Volgens verzoeker ontstaan psychische depressies echter niet van de ene op de andere dag. Daarom moet ervan worden uitgegaan dat reeds op 8 juli 2013 sprake was van een psychische depressie. De voorzieningenrechter volgt verzoeker in dat standpunt niet. Verzoeker heeft geen medische gegevens ingebracht die een beschrijving bevatten van zijn gezondheidssituatie op 8 juli 2013 en de daaruit voortvloeiende beperkingen van het verrichten van arbeid.

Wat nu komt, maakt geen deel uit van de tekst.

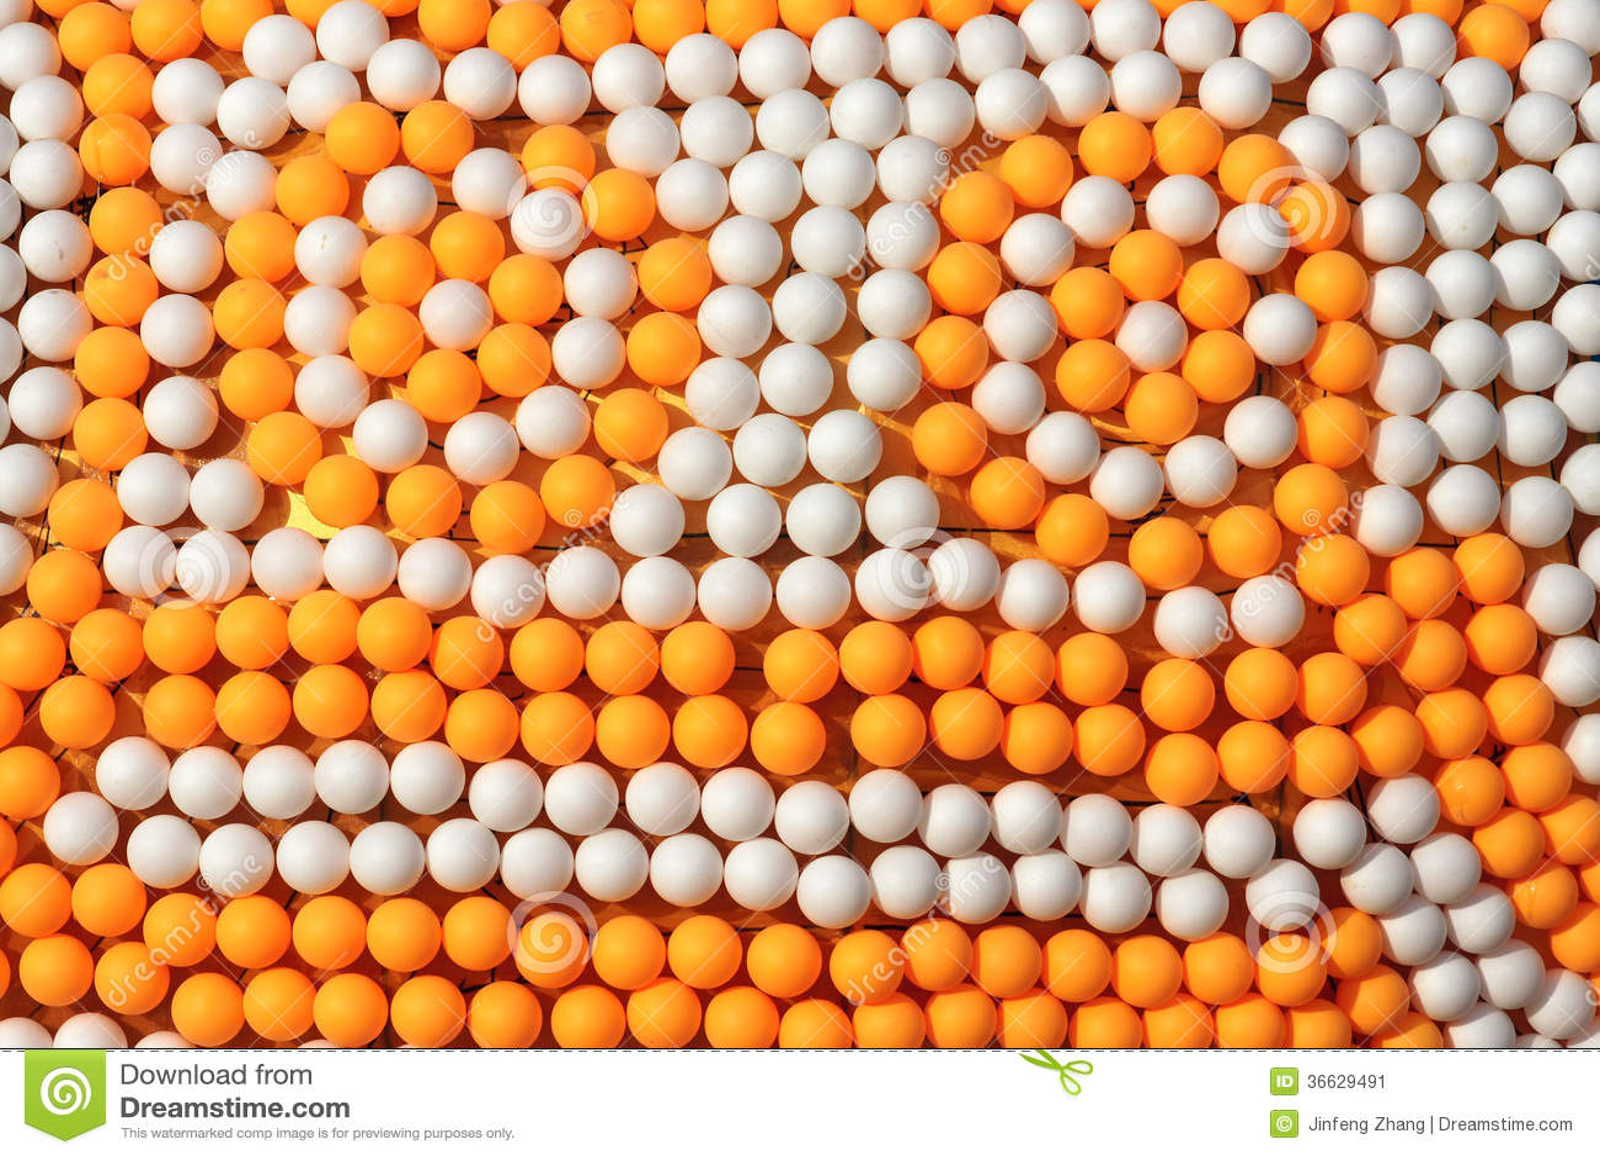 Ping pong balls stock image image 36629491 - How are ping pong balls made ...

6. Gelet op het voorgaande acht de voorzieningenrechter het niet in redelijke mate waarschijnlijk dat de aangevallen uitspraak in hoger beroep niet in stand zal blijven. Het verzoek om een voorlopige voorziening komt daarom niet voor toewijzing in aanmerking.
7. Voor een proceskostenveroordeling is geen aanleiding.

BESLISSING

De voorzieningenrechter van de Centrale Raad van Beroep wijst het verzoek om een voorlopige voorziening af.
Deze uitspraak is gedaan door M. Greebe, in tegenwoordigheid van K. de Jong als griffier. De beslissing is uitgesproken in het openbaar op 12 november 2014.